ISM Manufacturing
February 4, 2025
Yesterday’s very strong January ISM manufacturing print may have been partially overlooked due to outsized attention on tariff developments. If tariffs were not in focus, yesterday’s ISM manufacturing results would been used as fuel for a broad-based equity rally. Not only did ISM manufacturing move into expansion territory for the first time in 26 months, but the share of industry (measured by GDP) with a composite reading at/below 45 moderated from 49% in December to only 8% in January. Manufacturing ISM is one of the best forward-looking indicators available and the January print suggests US economic growth is accelerating. A prolonged period of tariff threats could eventually weigh on corporate sentiment and tighten financial conditions but we’re not there yet. If tariff threats are going to become a headwind, we should see it first develop in widening credit spreads, which remain at benign levels for now. Given the level of interest, we’re temporarily replacing terminal rates with credit spreads in the ‘Cross Markets’ section above.

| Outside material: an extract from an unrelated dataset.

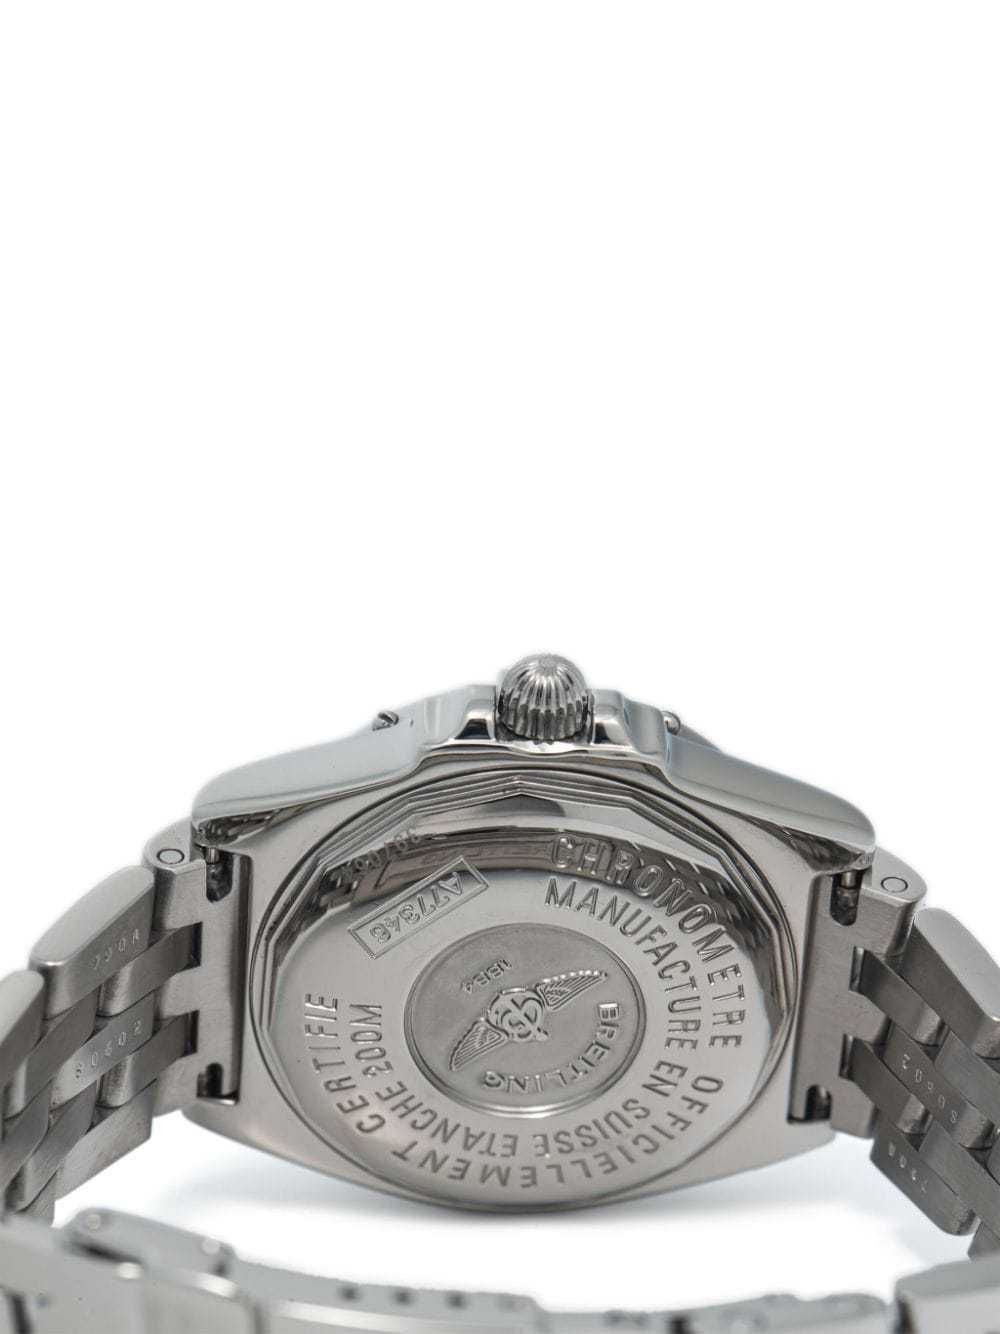 Breitling pre-owned Chronometre 34mm - White - image 4
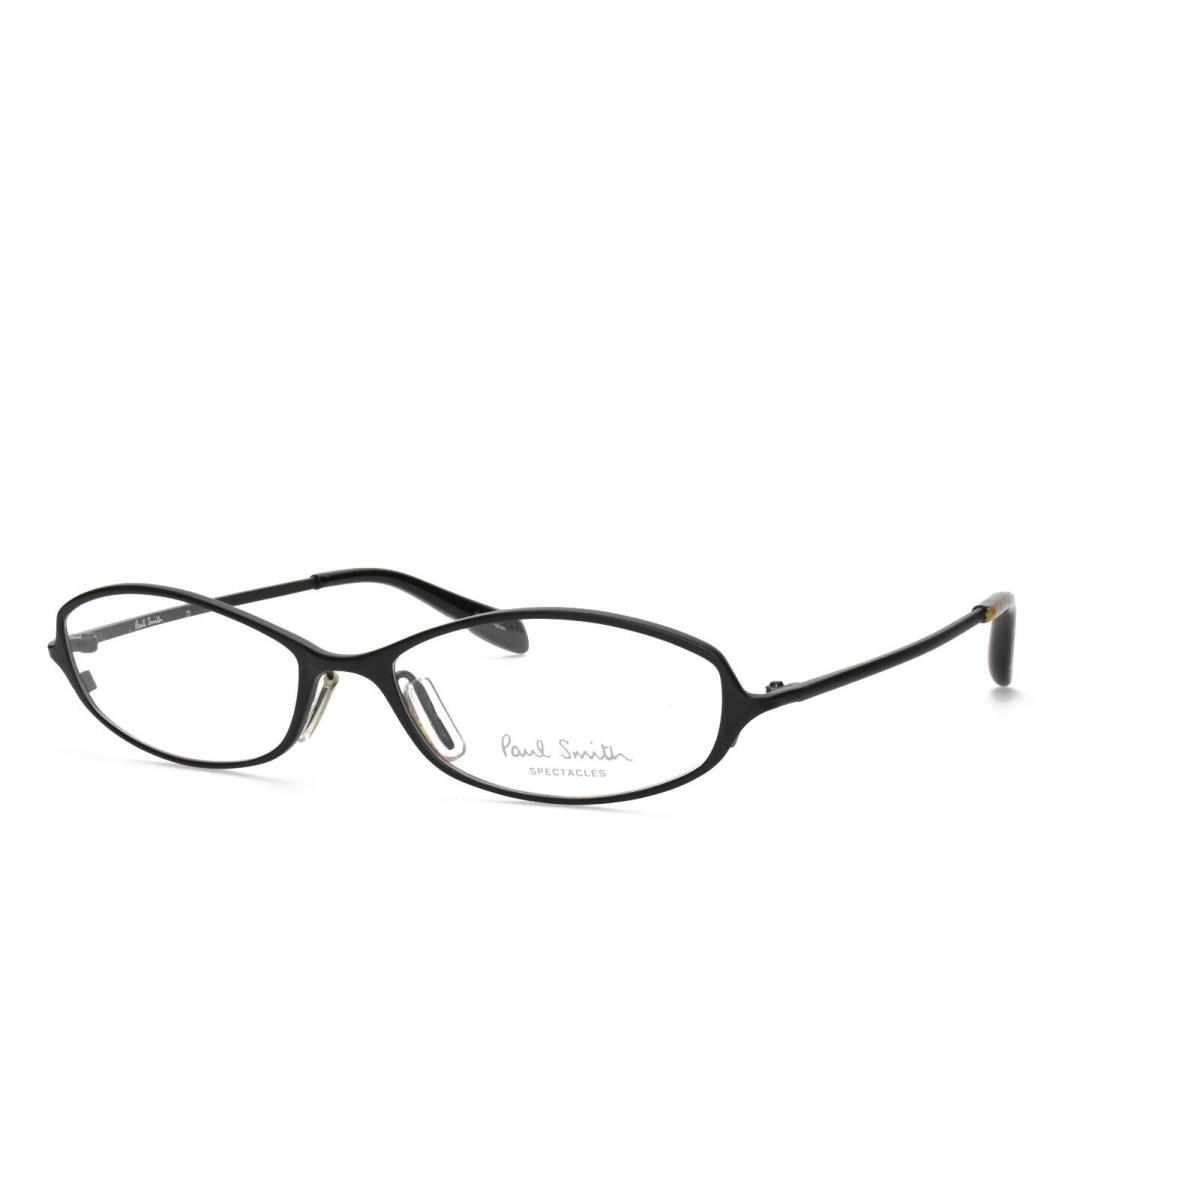 Paul Smith 199 OX 51-16-130 Matte Black Vtg Vintage Titanium Eyeglasses

The Philadelphia Semiconductor index (SOX) and its AI-levered constituents (NVDA, AVGO, AVGO and TSM) are rebounding this morning but remain below key technical resistance and are still vulnerable to a retest of last Monday’s lows. A successful retest (oversold with bullish momentum divergence signals) is usually the ‘buy the dip’ opportunity. In our view, the ‘no retest’ scenario only becomes a possibility once these indices/positions clear the levels where they broke down. In terms of the SOX, the level to clear is 5100.